Asked by anonymous

In a series circuit, there are 4 resistor with one battery cell. (there's no diagram for this question)

The battery cell = 100v
r1 = 3kΩ
r2 = 4kΩ
r3 = 1kΩ, P=100mW
r4 = ?

find the following quantities:
1) the circuit currents
2)the total resistance of the circuits
3)the value of the unknown resistance of r4
4) the voltage drops across all resistors
5) the power dissipated by all resistors

Answers

Answered by bobpursley
On r3, get current by P=I^2/R
Then if you circuit current, so you know Rtotal (100/current)
then you know R4 (Rtotal-r1-r2-r3)
then you know V4 (IR4)
total power= I^2 * Rtotal or you can add each IV up for all four resistors.
Answered by anonymous
can you show me how to do it
Answered by henry2,
Given:
E = 100 Volts.
R1 = 3k.
R2 = 4k.
R3 = 1k, P3 = 100mW.
R4 = ?

1. I^2 * R3 = 100mW.
I^2 * 1 = 100,
I = 10mA. = I1 = I2 = I3 = I4.

2. R = E/I = 100/10mA = 10k Ohms.

3. R4 = R - (R1+R2+R3) = 10k - 8k = 2k Ohms.

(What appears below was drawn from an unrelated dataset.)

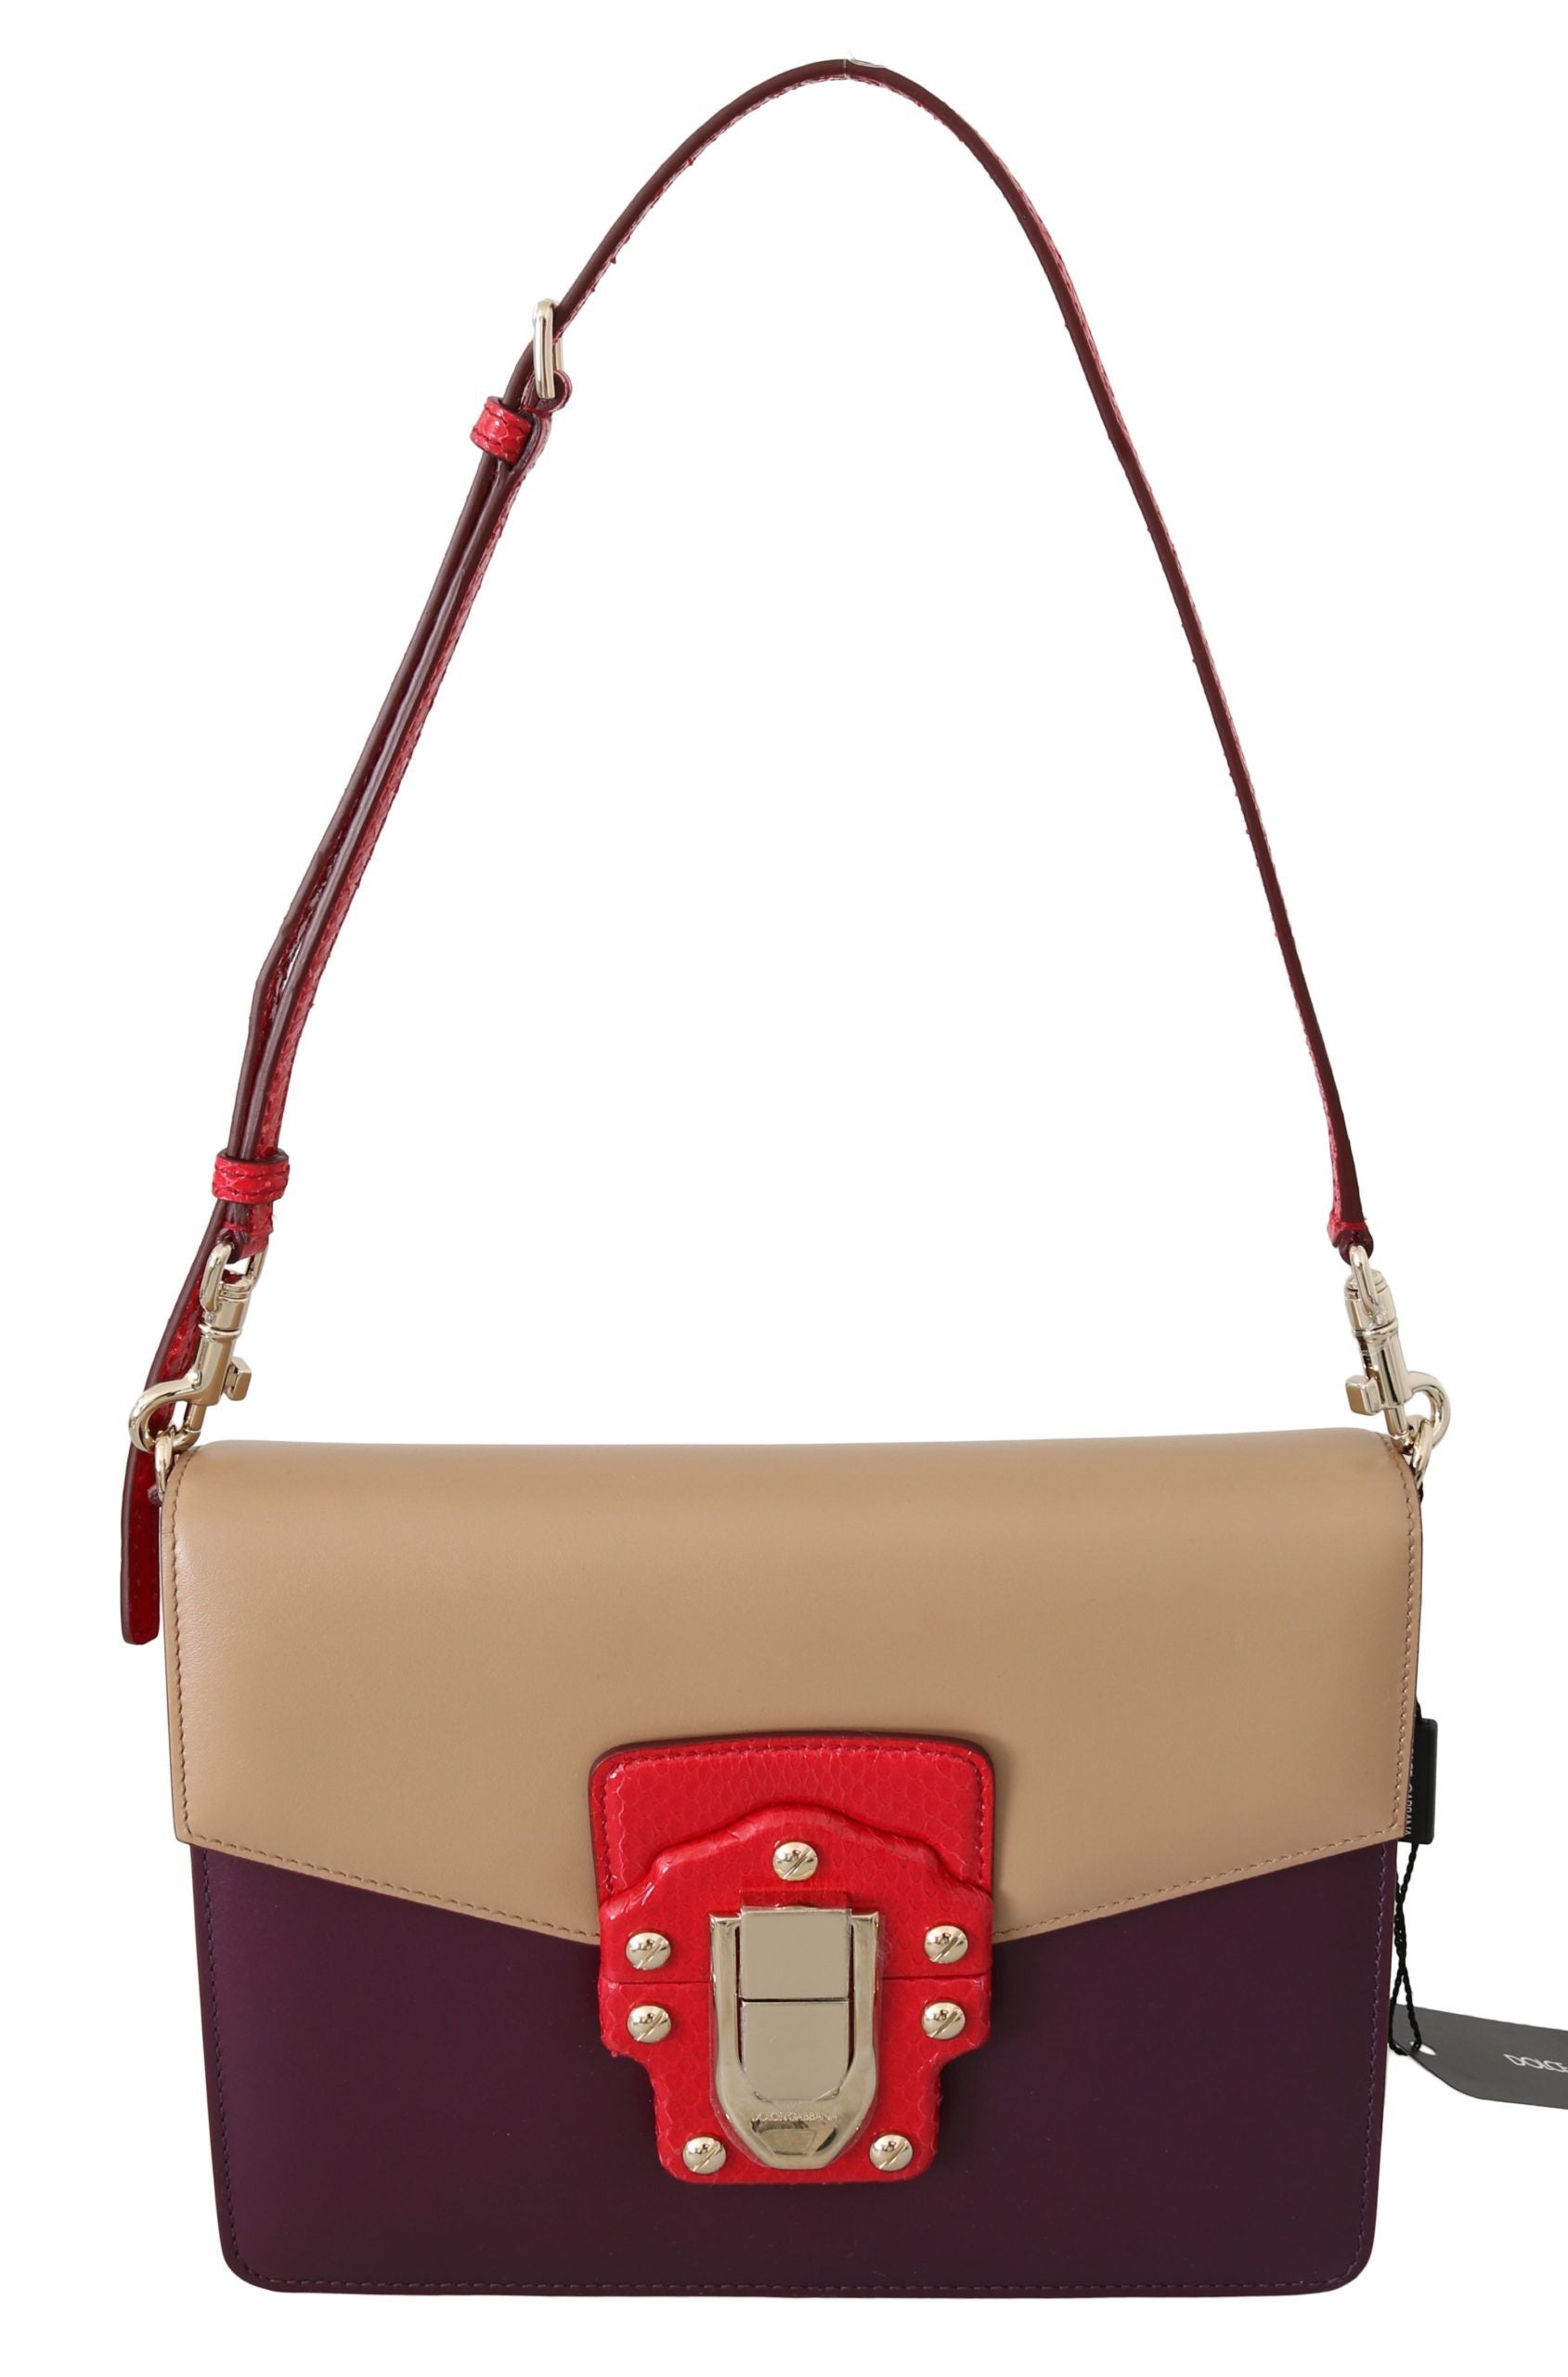 Exquisite LUCIA Leather Shoulder Bag

4. V1 = I*R1 = 10 *3 = 30 Volts.
V2 = I*R2 = 10 * 4 = 40 Volts.
V3 = I*R3 =
V4 = I*R4 =

5. P1 = V1*I = 30 * 10 = 300 mW.
P2 = V2*I = 40 * 10 = 400 mW.
P3 = V3*I =
P4 = V4*I =
Answered by anonymous
thanks henry2,. you are a lifesaver
Answered by henry2,
Glad I could help.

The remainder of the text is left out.